Your task: Please print, exactly as written, the line containing "Pin By Maria" and each line after it through the end of the material; pictures stay out.

Data block:
━━━━

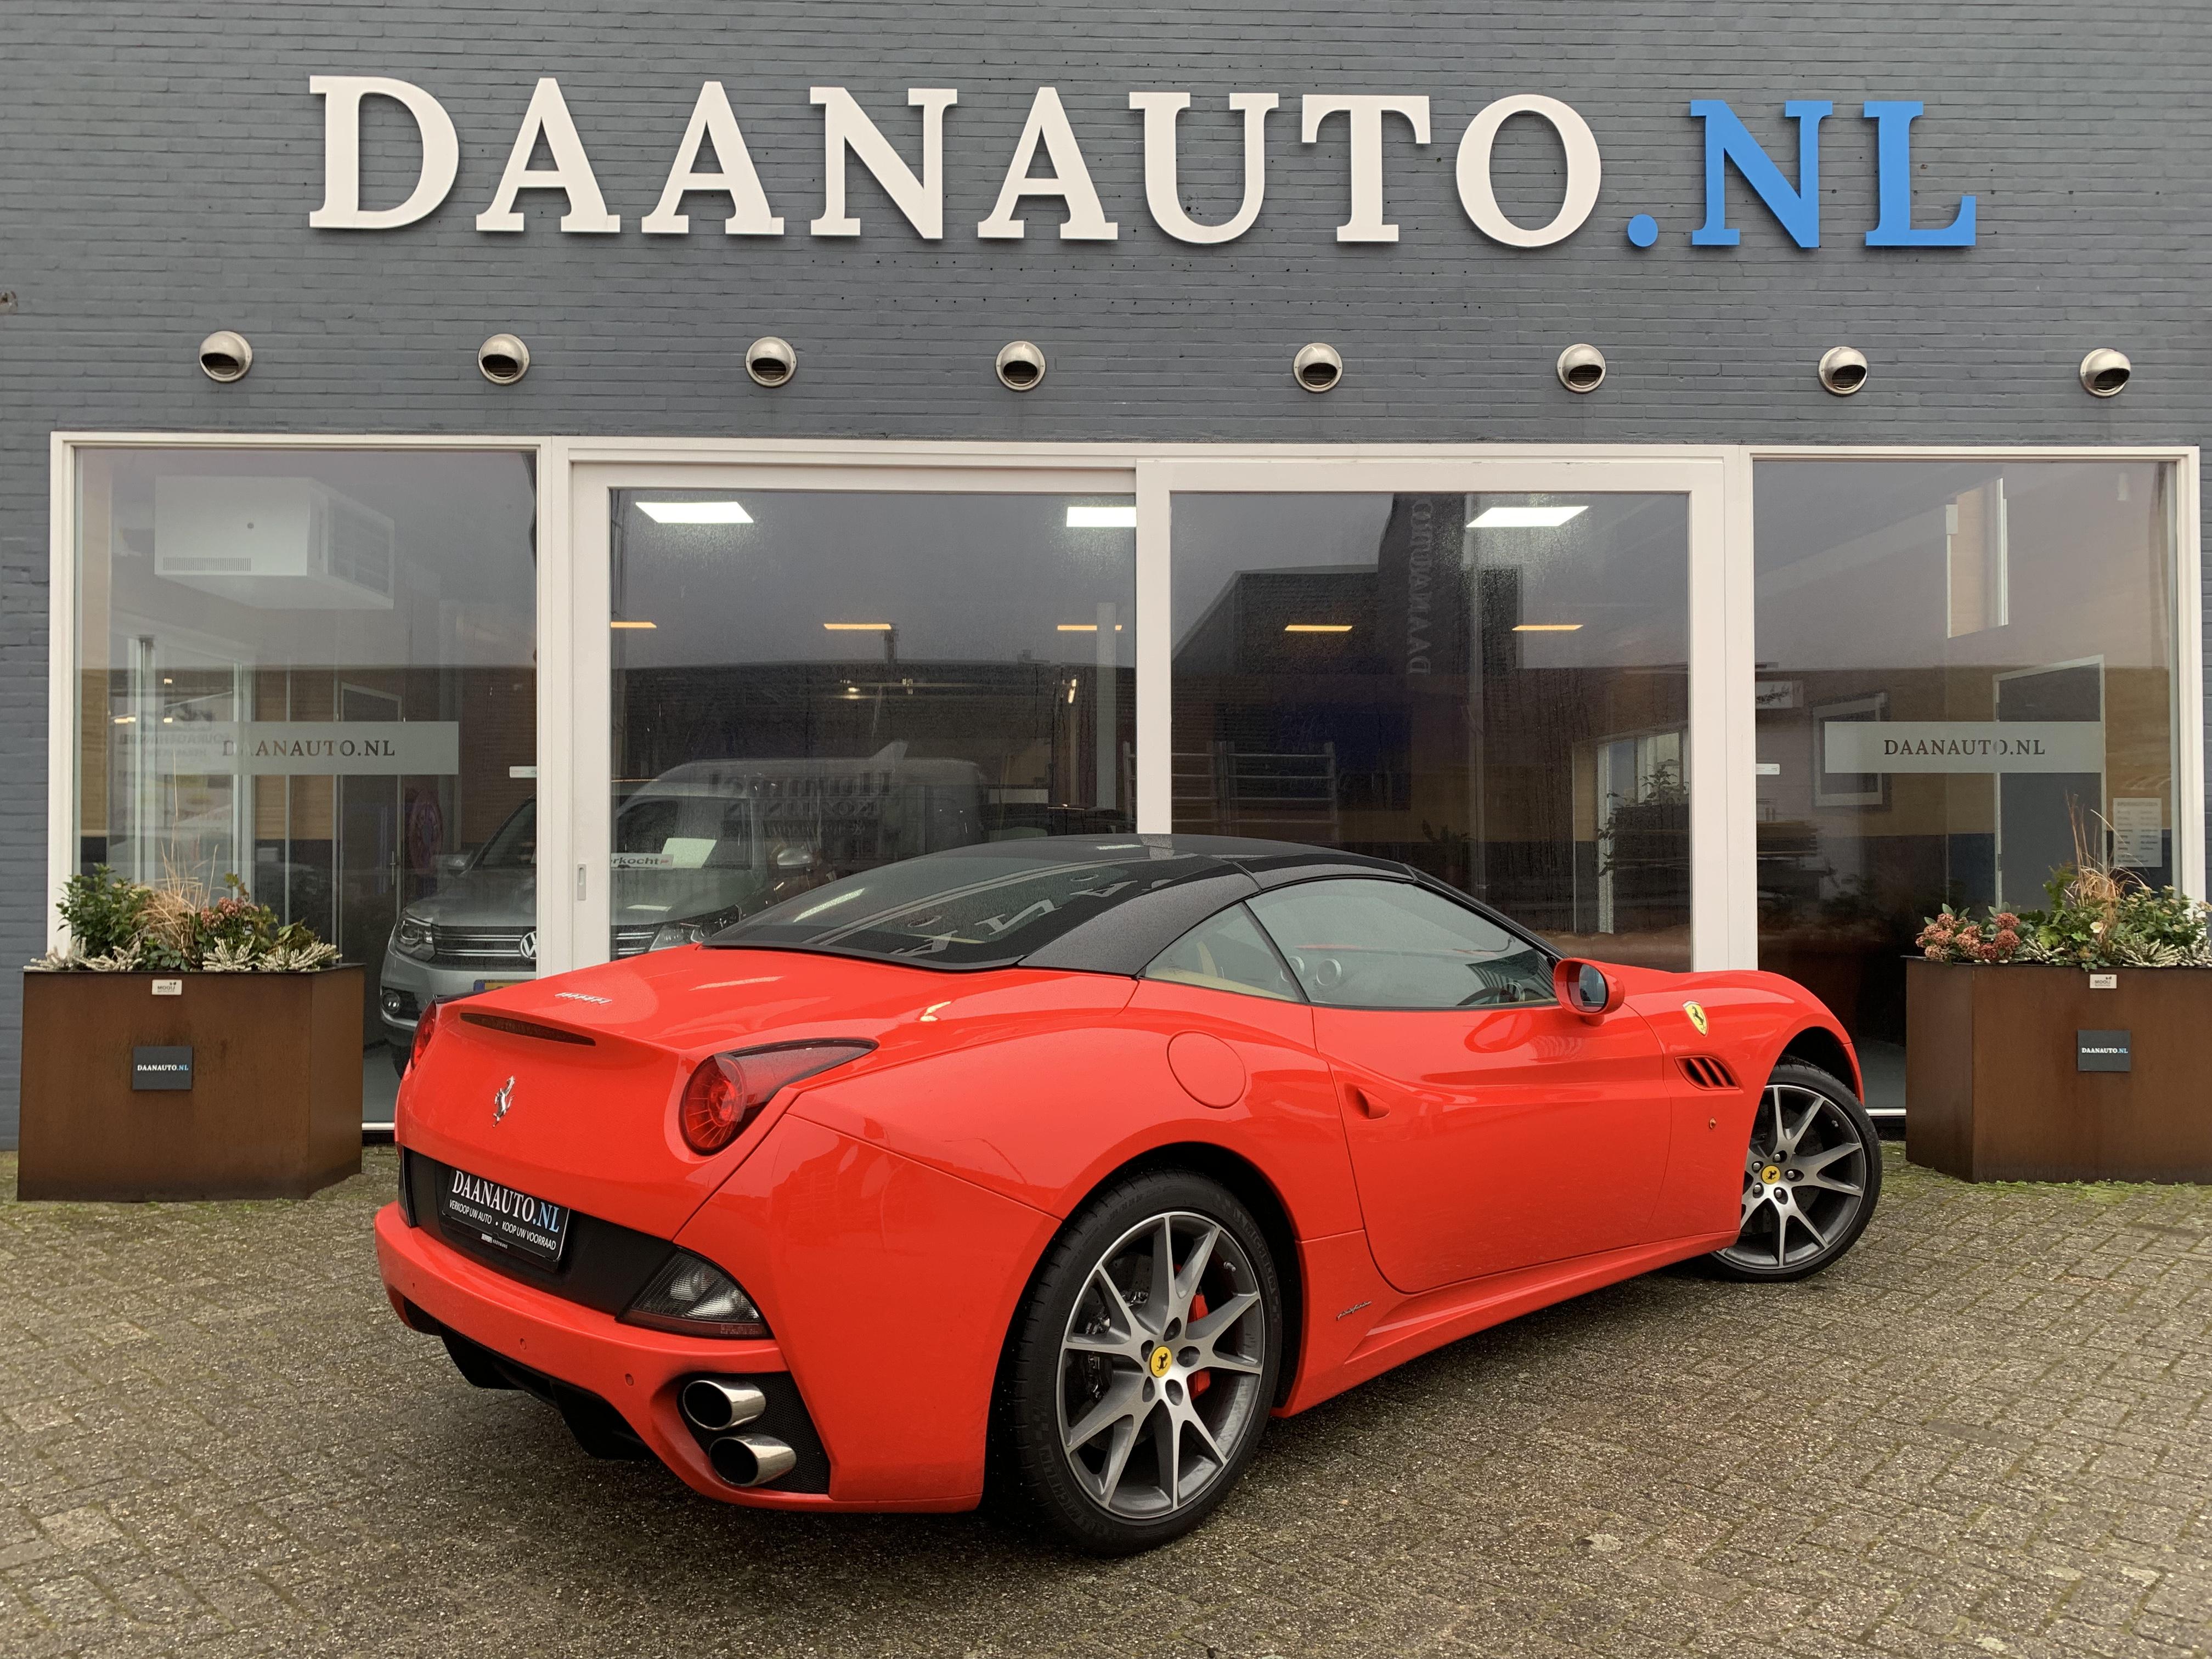 Ferrari California 4.3L V8 460 PK - Daanauto
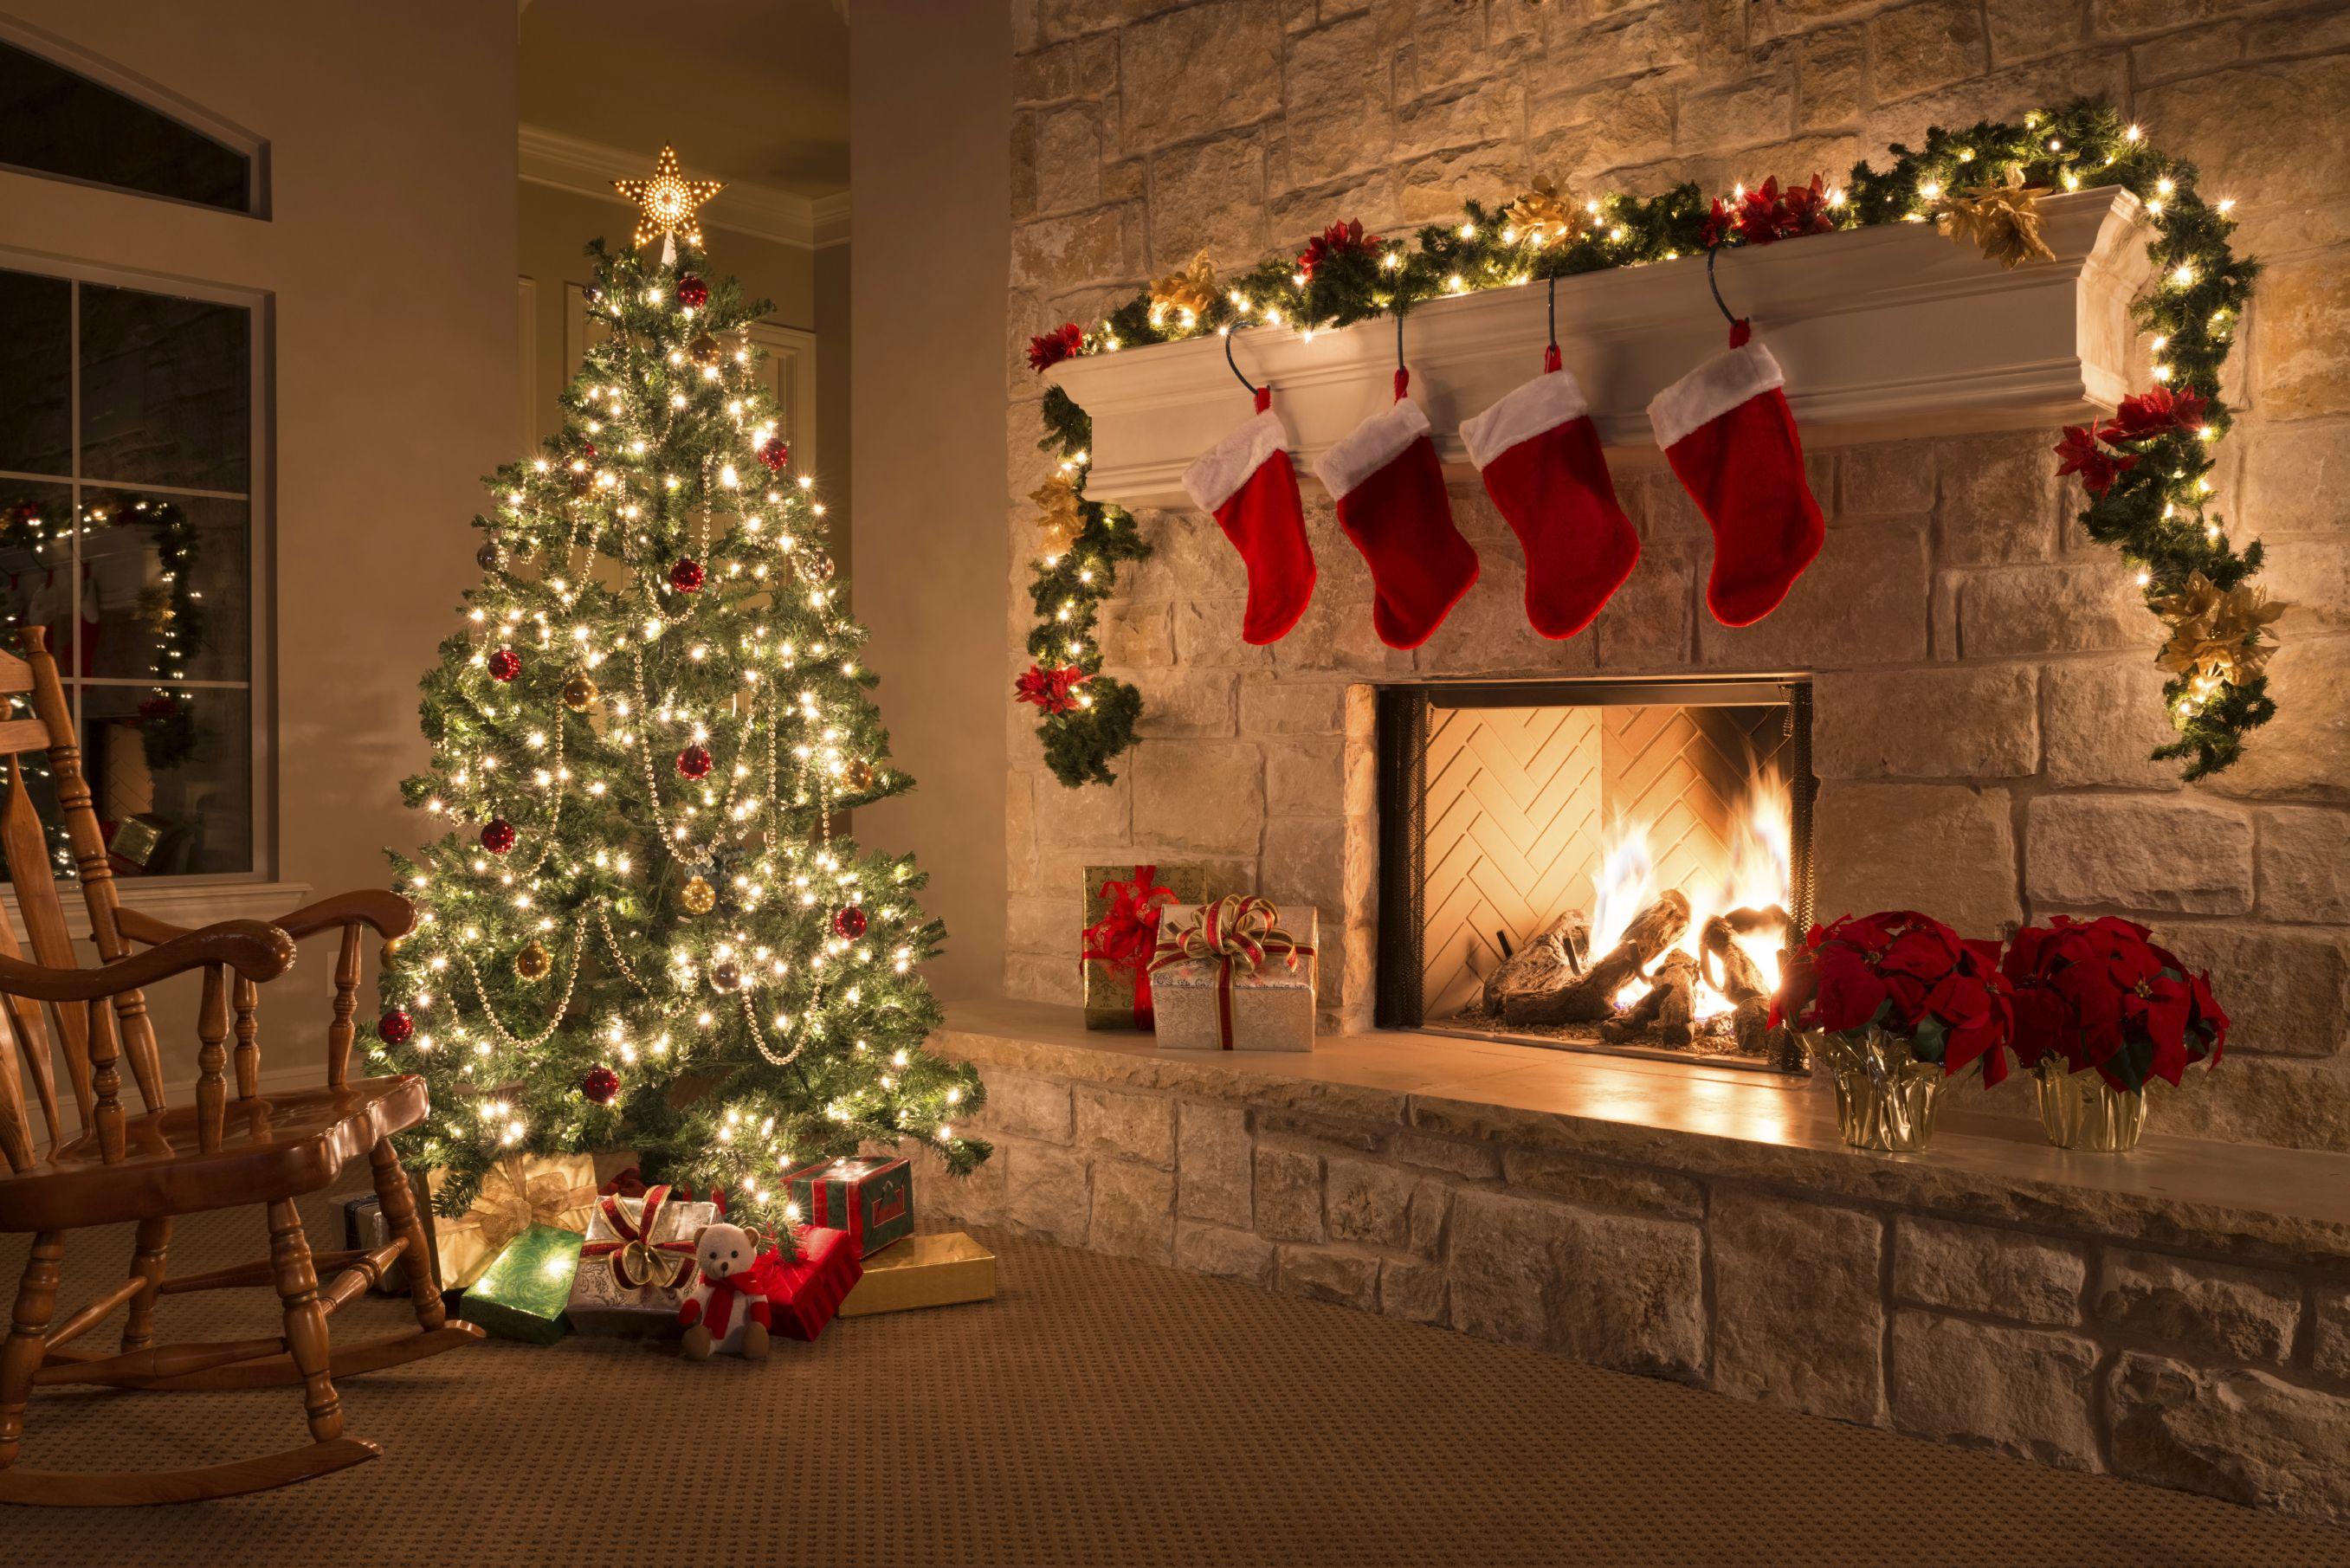 Pin By Maria Fechter On Winter Wonderland Background Christmas Fireplace Christmas Wall Decor Christmas Spirit
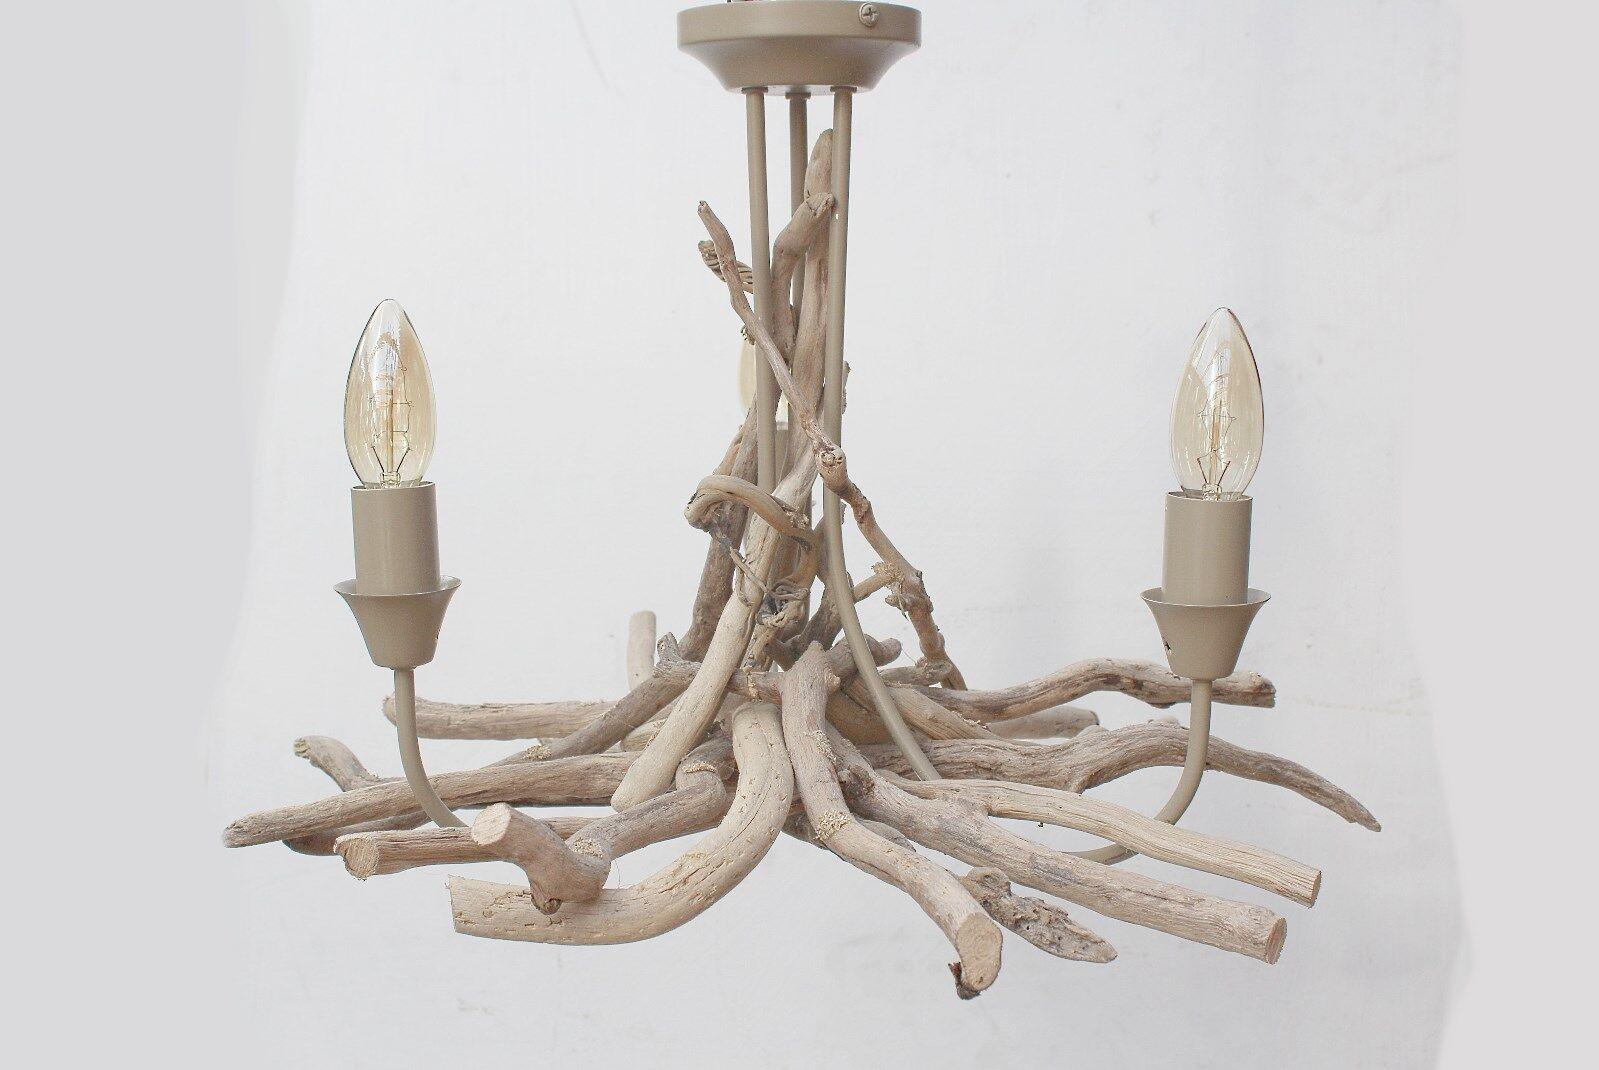 Driftwood Lampadario, Driftwood branchthree RACCORDO DI LUCE 39 CENTIMETRI GOCCIA Drift Wood

━━━━

Written answer:
 Pin By Maria Fechter On Winter Wonderland Background Christmas Fireplace Christmas Wall Decor Christmas Spirit
 Driftwood Lampadario, Driftwood branchthree RACCORDO DI LUCE 39 CENTIMETRI GOCCIA Drift Wood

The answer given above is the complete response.